How to Swim Your Way Out of Bad Love
Say “NO!” and make room for “YES!”

Years ago, I dated a guy. Let's call him Fred. He liked me better before and after we broke up, but during — not so much.
When we weren’t dating, Fred told me I was smart, creative, sophisticated, and beautiful. When we were dating, Fred told me I was crazy and not who he thought I was.
After we broke up, Fred romanticized me once more. Fred told our mutual friends I was the love of his life. Though, when he was dating the love of his life, he cheated on me with this gorgeous blond in town who ended up marrying an actor and moving to Hollywood.
The blond and I got along magnificently, but I would have liked knowing she was sleeping with Fred. I hate having less information in a relationship than the other person. I don’t need to know everything, but some details are deal-breakers.
I’m not judging the blond. I made plenty of weird selfish choices while floundering around the dating pool. But, in retrospect, it was tacky she always asked about how Fred and I were doing without telling me she was meeting him later in her bed.
Fred was also part of a weekly game night I wasn’t included in. I desperately wanted to go but I didn’t want to appear desperate, so I didn’t ask. I loved games, but Fred said it was important that we have our own hobbies. People don’t have hobbies in college. We’re not that bored yet.
During game night, another woman who was in love with Fred regularly tried to talk him out of dating me. I never confronted him and I was still friendly with the attempting usurper. I’m more of a duck and run for cover type.
I know what you’re thinking. Why were so many women in love with Fred? Was I deluded? It was how he smelled. Something about his pheromones made him the pied piper of college girls. I can still feel a rush from his intoxicating scent that gave Fred an unfair advantage in the laws of attraction.
After we broke up and he hiked me back onto the throne I occupied when we weren't together, I met his new girlfriend. I adored her. She was smart, cool, and I saw her at the pool where I did laps.
Sometimes, on the way to the pool, I’d catch up to her on the sidewalk.

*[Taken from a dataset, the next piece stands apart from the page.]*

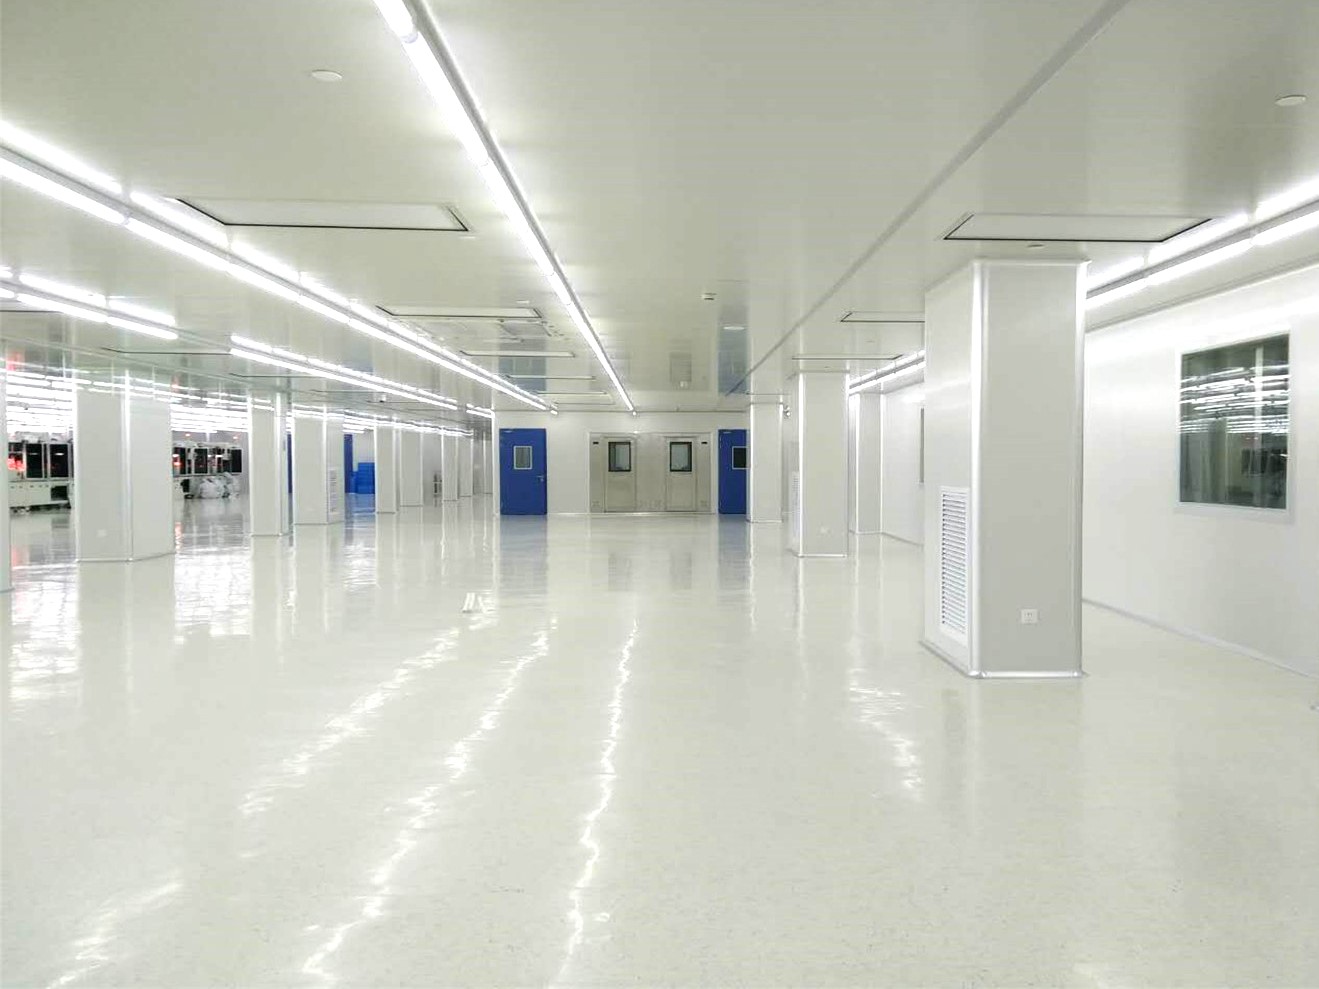 ELECTRONIC CLEAN ROOM DESIGN REQUIREMENT

“We should swim together,” I would say.
She would look at me incredulously. “NO!” she’d respond, edging away from me.
I couldn’t read the room. Each time I saw her on the street, I’d inch up and say, “Wanna swim together?” Every time it was the same horrified, “NO!”
Eventually, she relented. She admitted to me in the locker room she had no desire to swim with someone her boyfriend referred to as “the love of his life.”

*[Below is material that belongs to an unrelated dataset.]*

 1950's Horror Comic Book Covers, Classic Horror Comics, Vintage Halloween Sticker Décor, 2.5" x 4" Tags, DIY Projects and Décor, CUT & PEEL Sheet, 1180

“I wish you would have told me that earlier,” I said. “He couldn’t stand me when we were together.”
“Really?” she said, as we flutter kicked our way to the end of the pool.

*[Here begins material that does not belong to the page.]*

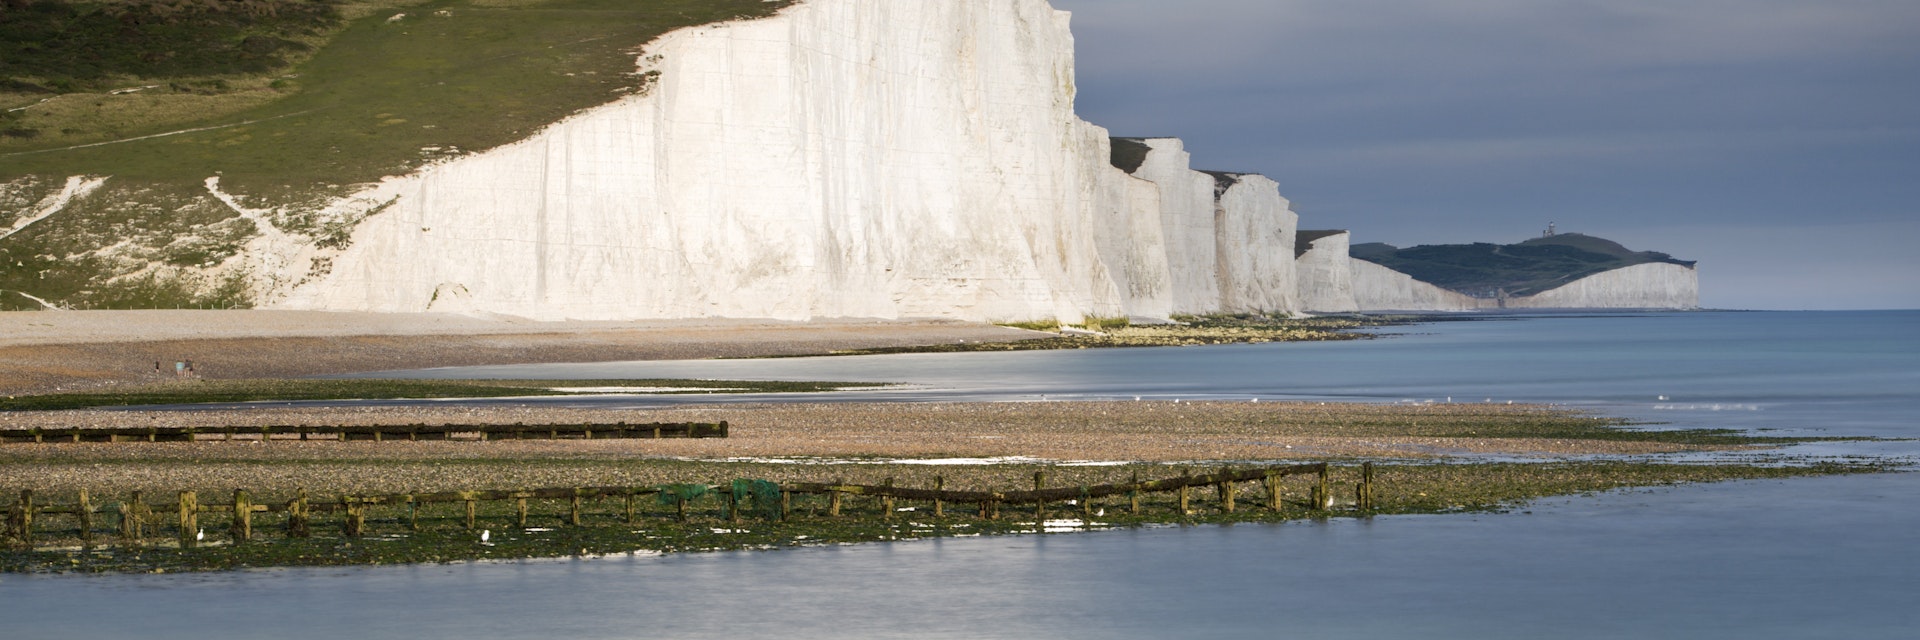 Chalky rock face of Seven Sisters Cliffs.

“If he likes you while you’re together, “ I said, “you’ve got me beat.”
“Wow,” she said. “He really didn't like you?”
“No,” I said. “The only solace I have from that entire relationship is once my sister threw up on him on Christmas.”
She ended up becoming one of my dearest friends. Last summer I was visiting her and we were swimming in a huge outdoor lap pool. I trailed behind. She’s an incredible swimmer. I can never catch up.
As I languished in her wake, I realized what I loved about her. She didn’t pretend. She wasn't unnecessarily polite to people she felt threatened by. She knew how to say “NO!” I believed she was faster than me in the pool because she was not anchored down by bullshit and a vacuous but weighty need for approval.
When she finally decided to say yes to me, she’d already realized her relationship with Fred was over. Why not hang out with someone who liked her and begged for her company? Me.
When I think about the kind of person I want to be, I think about her “NO!” There have been hundreds of times in my life I wanted to say “NO!” but I cowered.
Now, when I think about old loves, I do not think about the man who propped me onto his false throne. I think of the woman who swam beside me and showed me that “NO!” means I don’t want you in my life right now. Why don’t you leave a message and I’ll get back to you one day or maybe never?